> **Goal of the exercise**
Would you give the data below back exactly as it reads?
........
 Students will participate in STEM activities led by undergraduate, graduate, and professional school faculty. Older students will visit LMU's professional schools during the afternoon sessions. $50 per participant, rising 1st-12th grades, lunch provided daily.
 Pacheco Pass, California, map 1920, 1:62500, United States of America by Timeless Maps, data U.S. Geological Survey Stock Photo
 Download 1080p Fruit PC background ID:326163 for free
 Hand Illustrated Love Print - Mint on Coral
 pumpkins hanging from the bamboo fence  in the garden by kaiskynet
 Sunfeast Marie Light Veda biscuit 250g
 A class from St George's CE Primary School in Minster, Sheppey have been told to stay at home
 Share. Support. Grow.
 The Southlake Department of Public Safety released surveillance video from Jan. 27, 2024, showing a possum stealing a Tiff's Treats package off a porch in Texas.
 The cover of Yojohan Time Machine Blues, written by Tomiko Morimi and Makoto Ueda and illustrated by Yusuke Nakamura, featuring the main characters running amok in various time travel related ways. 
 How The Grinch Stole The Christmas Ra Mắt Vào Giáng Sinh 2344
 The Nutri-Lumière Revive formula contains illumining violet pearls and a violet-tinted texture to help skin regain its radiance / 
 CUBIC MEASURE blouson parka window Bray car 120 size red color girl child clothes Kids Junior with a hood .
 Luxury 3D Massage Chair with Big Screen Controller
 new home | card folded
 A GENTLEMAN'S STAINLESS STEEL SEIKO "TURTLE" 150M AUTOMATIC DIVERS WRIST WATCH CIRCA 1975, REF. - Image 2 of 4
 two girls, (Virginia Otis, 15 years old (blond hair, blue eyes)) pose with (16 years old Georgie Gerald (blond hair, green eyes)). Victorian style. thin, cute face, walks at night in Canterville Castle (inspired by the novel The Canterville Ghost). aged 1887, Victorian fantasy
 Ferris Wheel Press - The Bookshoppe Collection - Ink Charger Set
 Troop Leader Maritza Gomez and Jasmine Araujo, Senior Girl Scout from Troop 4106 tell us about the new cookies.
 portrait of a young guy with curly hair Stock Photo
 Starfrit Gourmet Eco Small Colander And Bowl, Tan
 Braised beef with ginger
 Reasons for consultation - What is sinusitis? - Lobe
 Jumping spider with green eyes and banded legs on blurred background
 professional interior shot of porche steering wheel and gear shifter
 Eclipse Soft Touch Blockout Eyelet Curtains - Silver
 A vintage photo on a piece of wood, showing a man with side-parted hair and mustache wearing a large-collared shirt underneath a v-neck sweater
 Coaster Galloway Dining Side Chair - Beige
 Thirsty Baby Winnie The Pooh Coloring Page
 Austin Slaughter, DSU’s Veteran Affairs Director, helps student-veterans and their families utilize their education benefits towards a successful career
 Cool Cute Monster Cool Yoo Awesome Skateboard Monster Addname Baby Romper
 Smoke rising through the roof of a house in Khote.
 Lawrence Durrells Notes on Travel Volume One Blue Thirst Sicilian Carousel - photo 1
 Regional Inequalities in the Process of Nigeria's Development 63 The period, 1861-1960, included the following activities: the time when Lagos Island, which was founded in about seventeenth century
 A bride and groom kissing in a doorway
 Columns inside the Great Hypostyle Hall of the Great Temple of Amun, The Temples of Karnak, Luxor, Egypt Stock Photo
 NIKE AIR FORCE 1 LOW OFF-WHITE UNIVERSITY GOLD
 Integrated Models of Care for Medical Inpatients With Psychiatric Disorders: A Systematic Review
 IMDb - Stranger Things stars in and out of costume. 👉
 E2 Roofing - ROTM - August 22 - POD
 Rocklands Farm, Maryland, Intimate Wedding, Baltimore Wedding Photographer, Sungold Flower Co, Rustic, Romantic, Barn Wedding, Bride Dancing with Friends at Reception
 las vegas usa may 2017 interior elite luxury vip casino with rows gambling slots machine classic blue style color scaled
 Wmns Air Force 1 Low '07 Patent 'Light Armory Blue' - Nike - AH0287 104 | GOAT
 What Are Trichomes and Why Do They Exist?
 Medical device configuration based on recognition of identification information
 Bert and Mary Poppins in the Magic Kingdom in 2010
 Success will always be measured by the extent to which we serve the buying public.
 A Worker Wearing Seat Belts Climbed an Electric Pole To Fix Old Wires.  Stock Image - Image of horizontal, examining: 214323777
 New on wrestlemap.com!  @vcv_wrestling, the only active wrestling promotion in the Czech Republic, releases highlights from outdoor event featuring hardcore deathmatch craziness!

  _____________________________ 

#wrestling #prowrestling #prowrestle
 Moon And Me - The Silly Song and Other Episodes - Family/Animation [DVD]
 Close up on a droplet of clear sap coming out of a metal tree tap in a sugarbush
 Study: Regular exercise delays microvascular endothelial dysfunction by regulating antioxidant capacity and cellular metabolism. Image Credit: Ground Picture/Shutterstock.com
........
> **Problem solution**
 Students will participate in STEM activities led by undergraduate, graduate, and professional school faculty. Older students will visit LMU's professional schools during the afternoon sessions. $50 per participant, rising 1st-12th grades, lunch provided daily.
 Pacheco Pass, California, map 1920, 1:62500, United States of America by Timeless Maps, data U.S. Geological Survey Stock Photo
 Download 1080p Fruit PC background ID:326163 for free
 Hand Illustrated Love Print - Mint on Coral
 pumpkins hanging from the bamboo fence  in the garden by kaiskynet
 Sunfeast Marie Light Veda biscuit 250g
 A class from St George's CE Primary School in Minster, Sheppey have been told to stay at home
 Share. Support. Grow.
 The Southlake Department of Public Safety released surveillance video from Jan. 27, 2024, showing a possum stealing a Tiff's Treats package off a porch in Texas.
 The cover of Yojohan Time Machine Blues, written by Tomiko Morimi and Makoto Ueda and illustrated by Yusuke Nakamura, featuring the main characters running amok in various time travel related ways. 
 How The Grinch Stole The Christmas Ra Mắt Vào Giáng Sinh 2344
 The Nutri-Lumière Revive formula contains illumining violet pearls and a violet-tinted texture to help skin regain its radiance / 
 CUBIC MEASURE blouson parka window Bray car 120 size red color girl child clothes Kids Junior with a hood .
 Luxury 3D Massage Chair with Big Screen Controller
 new home | card folded
 A GENTLEMAN'S STAINLESS STEEL SEIKO "TURTLE" 150M AUTOMATIC DIVERS WRIST WATCH CIRCA 1975, REF. - Image 2 of 4
 two girls, (Virginia Otis, 15 years old (blond hair, blue eyes)) pose with (16 years old Georgie Gerald (blond hair, green eyes)). Victorian style. thin, cute face, walks at night in Canterville Castle (inspired by the novel The Canterville Ghost). aged 1887, Victorian fantasy
 Ferris Wheel Press - The Bookshoppe Collection - Ink Charger Set
 Troop Leader Maritza Gomez and Jasmine Araujo, Senior Girl Scout from Troop 4106 tell us about the new cookies.
 portrait of a young guy with curly hair Stock Photo
 Starfrit Gourmet Eco Small Colander And Bowl, Tan
 Braised beef with ginger
 Reasons for consultation - What is sinusitis? - Lobe
 Jumping spider with green eyes and banded legs on blurred background
 professional interior shot of porche steering wheel and gear shifter
 Eclipse Soft Touch Blockout Eyelet Curtains - Silver
 A vintage photo on a piece of wood, showing a man with side-parted hair and mustache wearing a large-collared shirt underneath a v-neck sweater
 Coaster Galloway Dining Side Chair - Beige
 Thirsty Baby Winnie The Pooh Coloring Page
 Austin Slaughter, DSU’s Veteran Affairs Director, helps student-veterans and their families utilize their education benefits towards a successful career
 Cool Cute Monster Cool Yoo Awesome Skateboard Monster Addname Baby Romper
 Smoke rising through the roof of a house in Khote.
 Lawrence Durrells Notes on Travel Volume One Blue Thirst Sicilian Carousel - photo 1
 Regional Inequalities in the Process of Nigeria's Development 63 The period, 1861-1960, included the following activities: the time when Lagos Island, which was founded in about seventeenth century
 A bride and groom kissing in a doorway
 Columns inside the Great Hypostyle Hall of the Great Temple of Amun, The Temples of Karnak, Luxor, Egypt Stock Photo
 NIKE AIR FORCE 1 LOW OFF-WHITE UNIVERSITY GOLD
 Integrated Models of Care for Medical Inpatients With Psychiatric Disorders: A Systematic Review
 IMDb - Stranger Things stars in and out of costume. 👉
 E2 Roofing - ROTM - August 22 - POD
 Rocklands Farm, Maryland, Intimate Wedding, Baltimore Wedding Photographer, Sungold Flower Co, Rustic, Romantic, Barn Wedding, Bride Dancing with Friends at Reception
 las vegas usa may 2017 interior elite luxury vip casino with rows gambling slots machine classic blue style color scaled
 Wmns Air Force 1 Low '07 Patent 'Light Armory Blue' - Nike - AH0287 104 | GOAT
 What Are Trichomes and Why Do They Exist?
 Medical device configuration based on recognition of identification information
 Bert and Mary Poppins in the Magic Kingdom in 2010
 Success will always be measured by the extent to which we serve the buying public.
 A Worker Wearing Seat Belts Climbed an Electric Pole To Fix Old Wires.  Stock Image - Image of horizontal, examining: 214323777
 New on wrestlemap.com!  @vcv_wrestling, the only active wrestling promotion in the Czech Republic, releases highlights from outdoor event featuring hardcore deathmatch craziness!

  _____________________________ 

#wrestling #prowrestling #prowrestle
 Moon And Me - The Silly Song and Other Episodes - Family/Animation [DVD]
 Close up on a droplet of clear sap coming out of a metal tree tap in a sugarbush
 Study: Regular exercise delays microvascular endothelial dysfunction by regulating antioxidant capacity and cellular metabolism. Image Credit: Ground Picture/Shutterstock.com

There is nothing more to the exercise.